School analogy: Before you give a final exam, you first make sure your questions actually measure what you taught. Here, the authors trained small Finnish models and watched their learning curves on many candidate tasks. If a task behaved like a good question (steady improvement, clear signal, consistent rankings, above random), it stayed; if not, it was removed.
Chef analogy: A chef taste-tests ingredients before cooking a feast. The authors taste-tested tasks with small models, keeping only the ingredients (tasks) with clean flavor (good metrics) for the final dish (the big-model evaluation).
Mechanic analogy: A mechanic tests each tool before repairing a car. If a wrench slips (unstable task), it goes back in the box. Only dependable tools (robust tasks) are used to fix the engine (evaluate large models).

Before vs.
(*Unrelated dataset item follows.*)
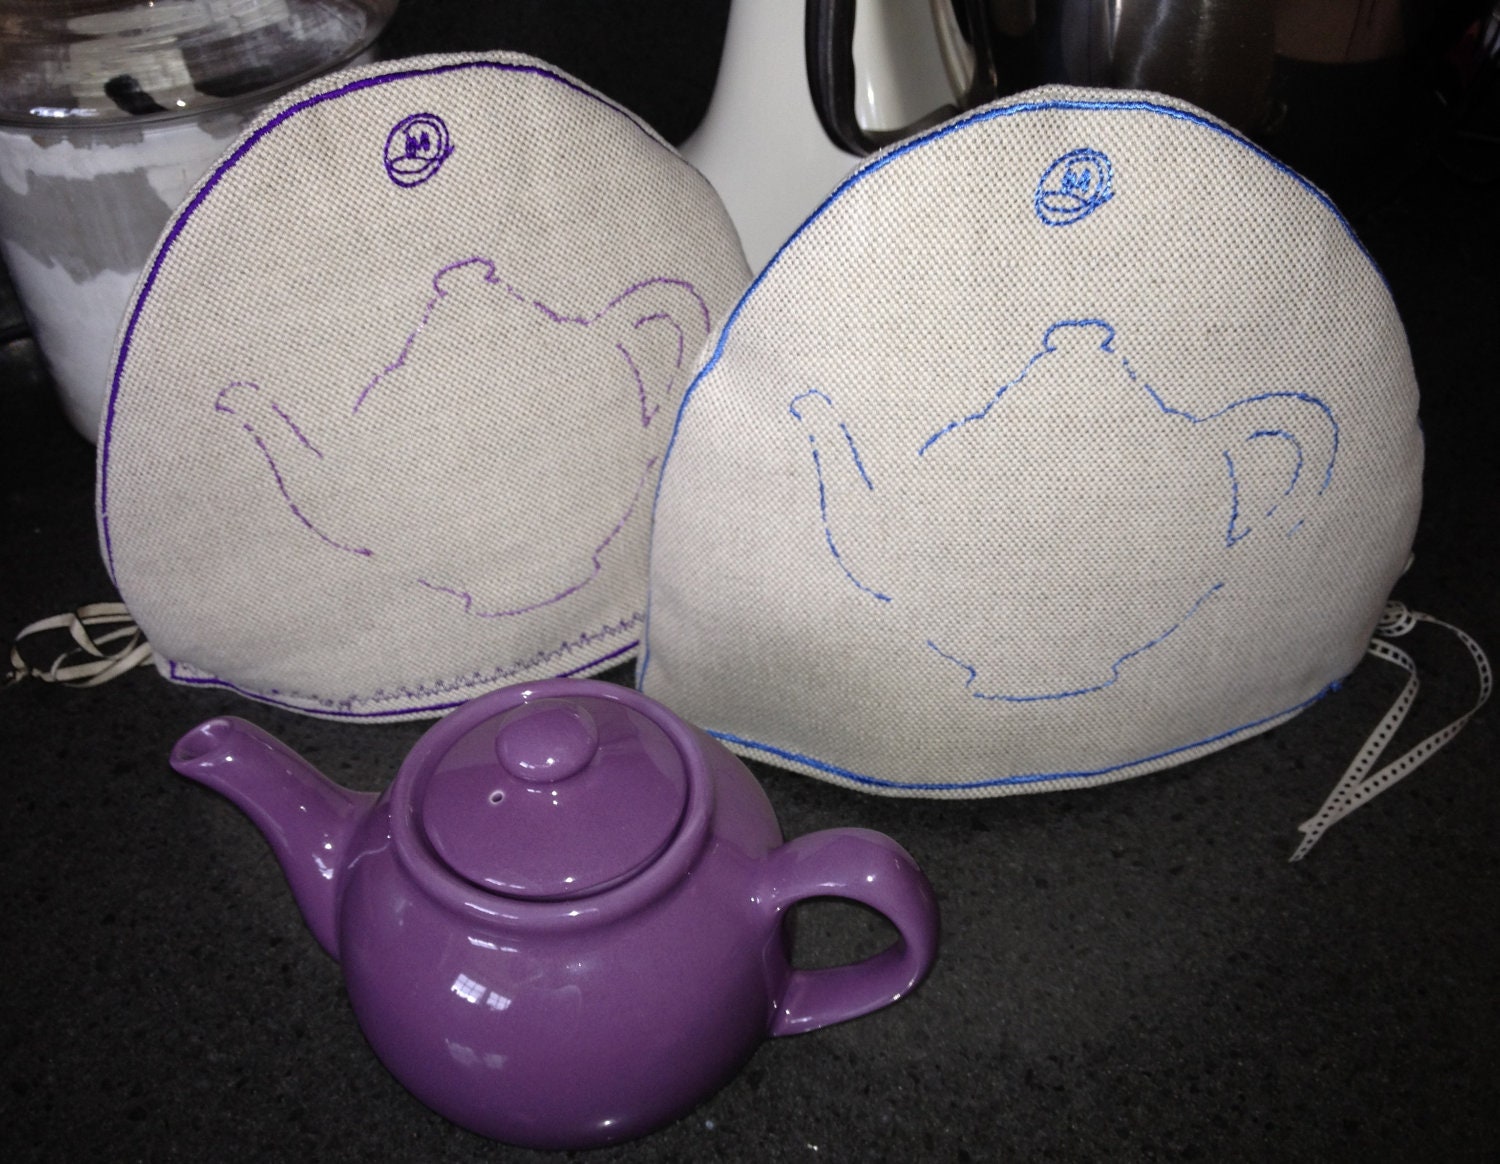 Tea For one, Cosy - Homemade embroidery teapot

After:

Before: Finnish evaluation was scattered across different formats, included datasets of mixed quality (often machine-translated), lacked prompt variety, and didn’t check whether tasks gave stable learning signals.
After: FIN-bench-v2 unifies benchmarks into one format (HuggingFace Datasets), supplies both cloze and multiple-choice versions with five prompt variants each, applies human review to translations where needed, and filters tasks with four reliability checks based on actual learning curves.

Why it works (the intuition):

Learning curves reveal whether a task reflects real skill growth. If a model trains longer and scores consistently rise, the task likely measures learning, not luck. If the signal is clear (high SNR), the ordering of models stays stable (good consistency), and scores beat random guessing (NRC positive), then that task is a trusty ruler. Using these tasks for final evaluation makes scores meaningful and comparable.
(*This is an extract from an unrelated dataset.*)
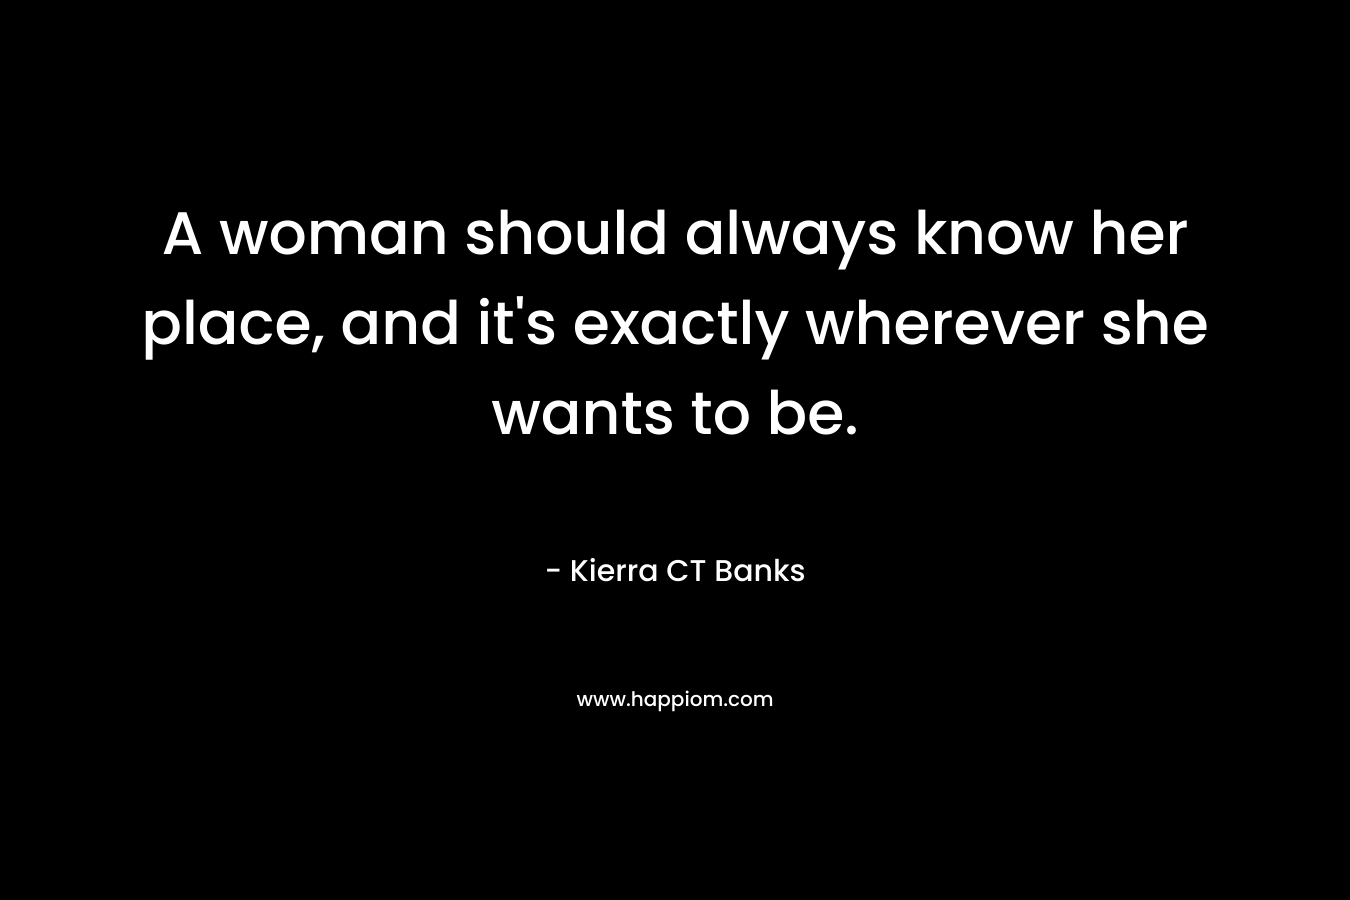 A woman should always know her place, and it's exactly wherever she wants to be.

Building blocks (concept Sandwiches re-anchored in this context):

Benchmark Suite (the report card): Input many Finnish tasks (reading, reasoning, sentiment, knowledge, alignment). Standardize them. Score them consistently.
Cloze Formulation vs. Multiple-choice Formulation (two test styles): Because base and instruction-tuned models behave differently, you need both. Cloze checks free answering; multiple-choice checks selection under constraints.
Monotonicity (learning should look like climbing stairs): If training longer doesn’t raise scores on a task, that task may be unreliable for tracking progress.
Signal-to-Noise Ratio (can we hear the score over the chatter?): A task should show a clear trend rather than wobbles.
Model Ordering Consistency (fast runners stay ahead): A stable task should preserve the relative strength of models across training.
Non-Random Performance (better than coin flips): Ensures the task isn’t so hard, mislabeled, or noisy that models perform at chance.
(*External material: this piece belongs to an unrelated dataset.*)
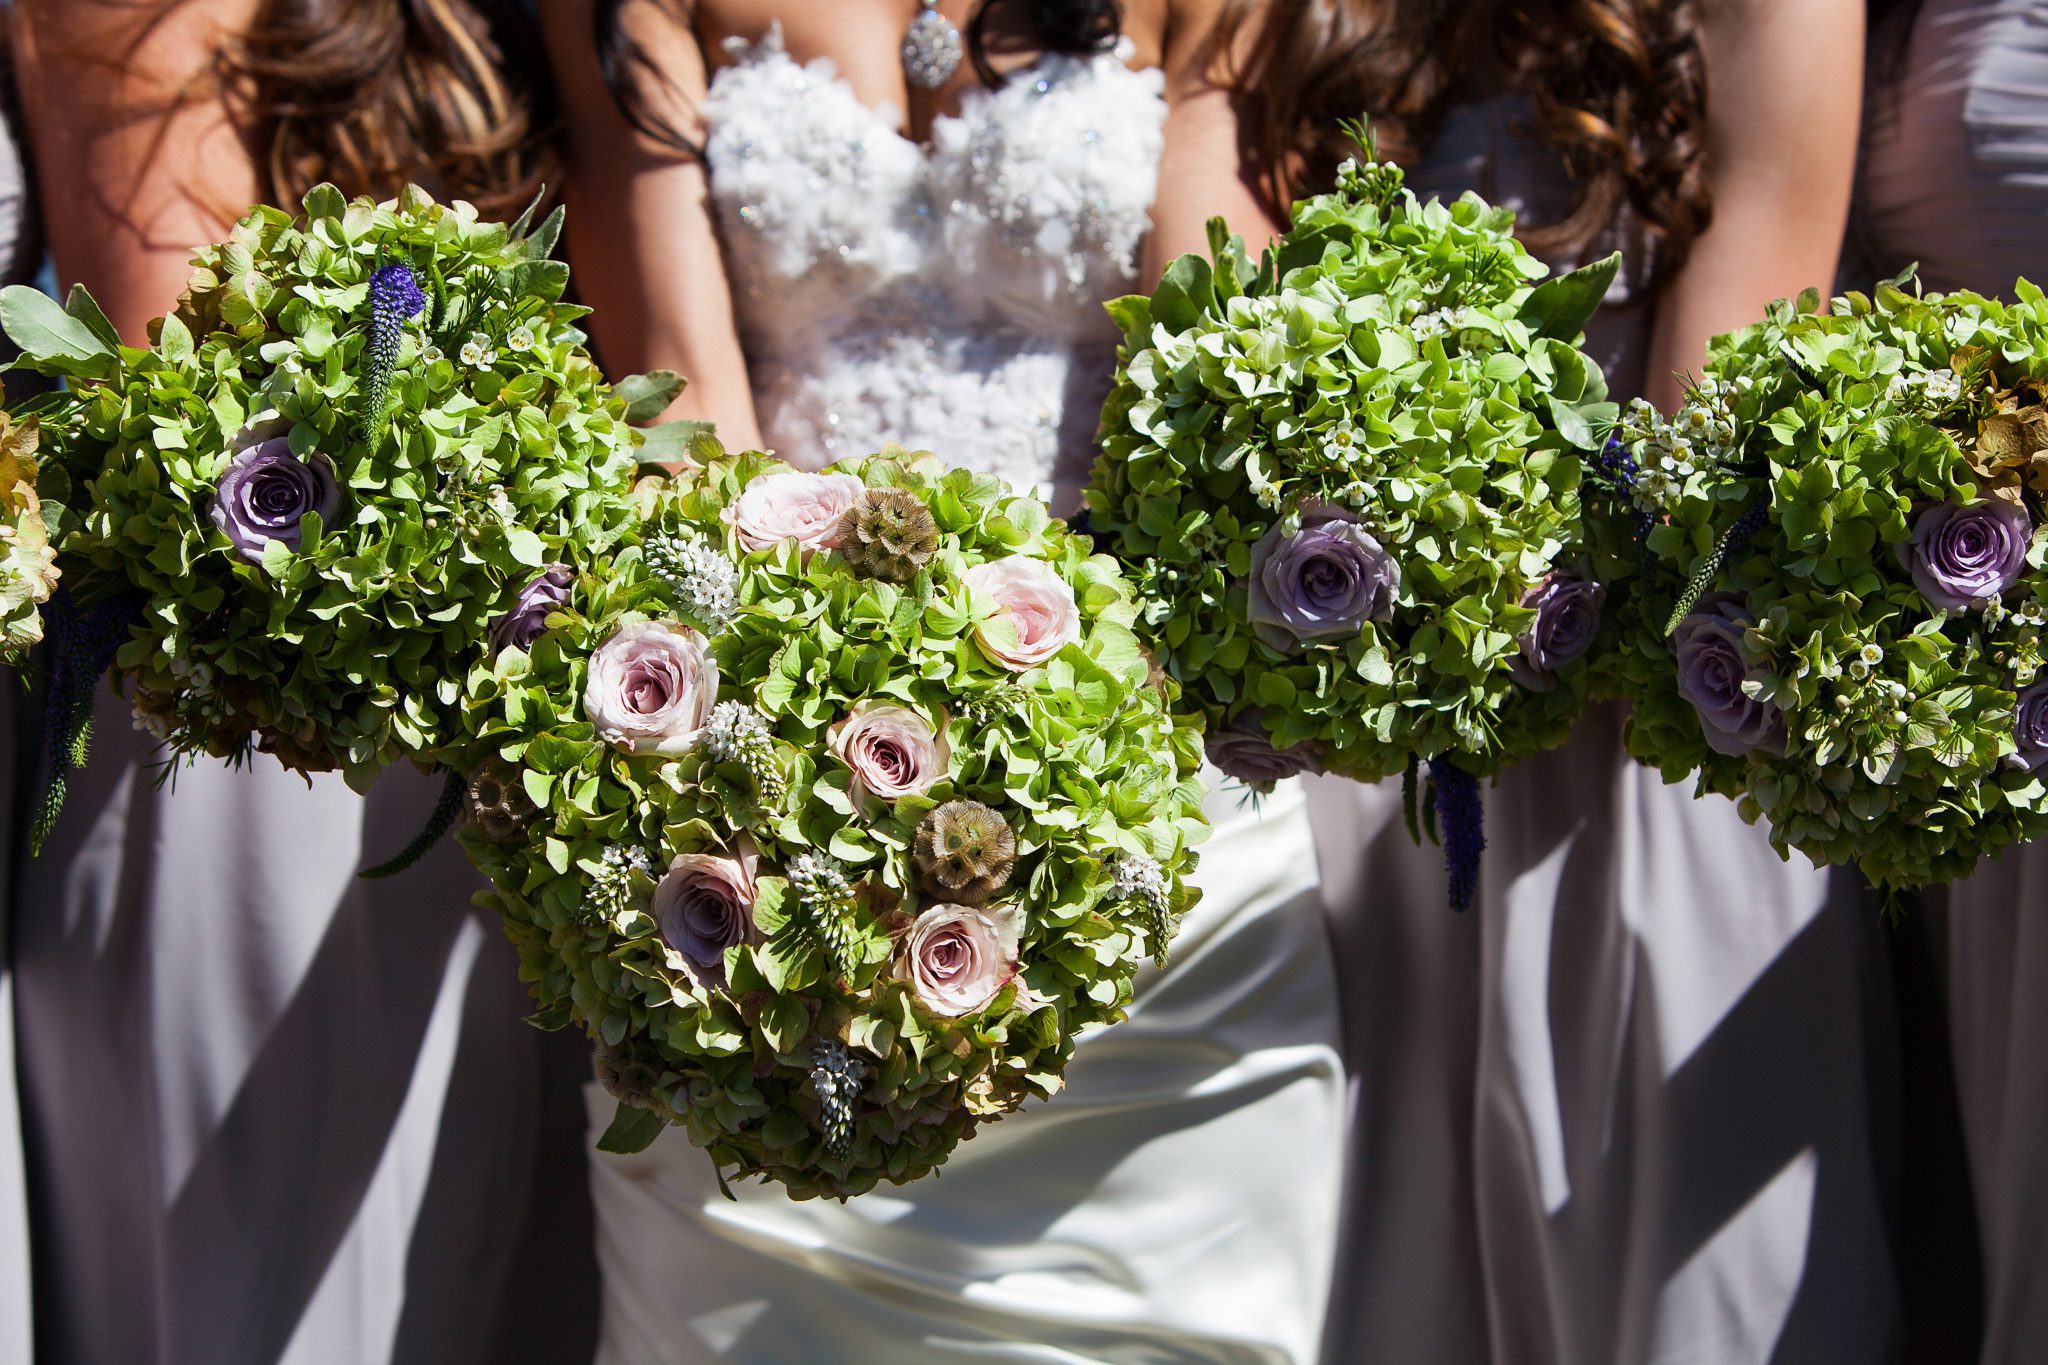 bride's and bridesmaids' bouquets detail – Tahoe Truckee Donner Lake wedding photography

What changes because of this idea?

Model builders can trust Finnish scores more, especially over time and across different prompt wordings.
The community gets a living benchmark that’s easy to run (LM Evaluation Harness), easy to extend (HuggingFace Datasets), and carefully curated (human review for key translations).
Some famous benchmarks in their Finnish versions didn’t pass the reliability checks here, guiding future improvement rather than giving misleading results.

In practice, FIN-bench-v2 becomes a dependable Finnish testing ground that: (1) covers varied skills, (2) accounts for prompt sensitivity with five variants per task, (3) distinguishes base vs. instruction-tuned behavior using cloze vs. multiple-choice settings, and (4) remains maintainable, transparent, and public so others can replicate and extend it.

03Methodology

At a high level: Candidate Finnish datasets → Standardize and prompt (CF + MCF, 5 variants) → Train small Finnish LLMs and collect learning curves → Apply four reliability checks → Keep only stable tasks → Evaluate large instruction-tuned models → Release everything publicly.

Step A: Gather and standardize tasks

What happens: The team started with the original FIN-bench tasks and added Finnish versions of well-known datasets: ARC Challenge, Belebele, GoldenSwag, TruthfulQA, ScandiSent, SIB-200, SQuAD, plus FIN-bench analogies, emotions (expanded to 1,000 XED-based samples), general knowledge, HHH alignment, and similarities/abstraction. All datasets were converted to HuggingFace Datasets and made to work with the LM Evaluation Harness.
Why this step exists: Without a common format and tooling, running fair, repeatable evaluations is hard. Different scripts and file types cause confusion and breakage.
Example: ARC Challenge FI gets both cloze and multiple-choice templates with five prompt variants each, all in the same dataset structure.

Step B: Create two formulations with five prompt variants each

What happens: Each task has Cloze Formulation (CF) and Multiple-choice Formulation (MCF). For each, five human-written prompt variants capture different wordings.
Why this step exists: Models can be prompt-sensitive. Multiple variants measure robustness and reduce the chance that one unlucky phrasing skews results. CF suits base models; MCF often suits instruction-tuned ones.
Example: For Belebele FI (MCF), prompts differ in instruction wording but ask the same thing—pick the correct answer based on the passage.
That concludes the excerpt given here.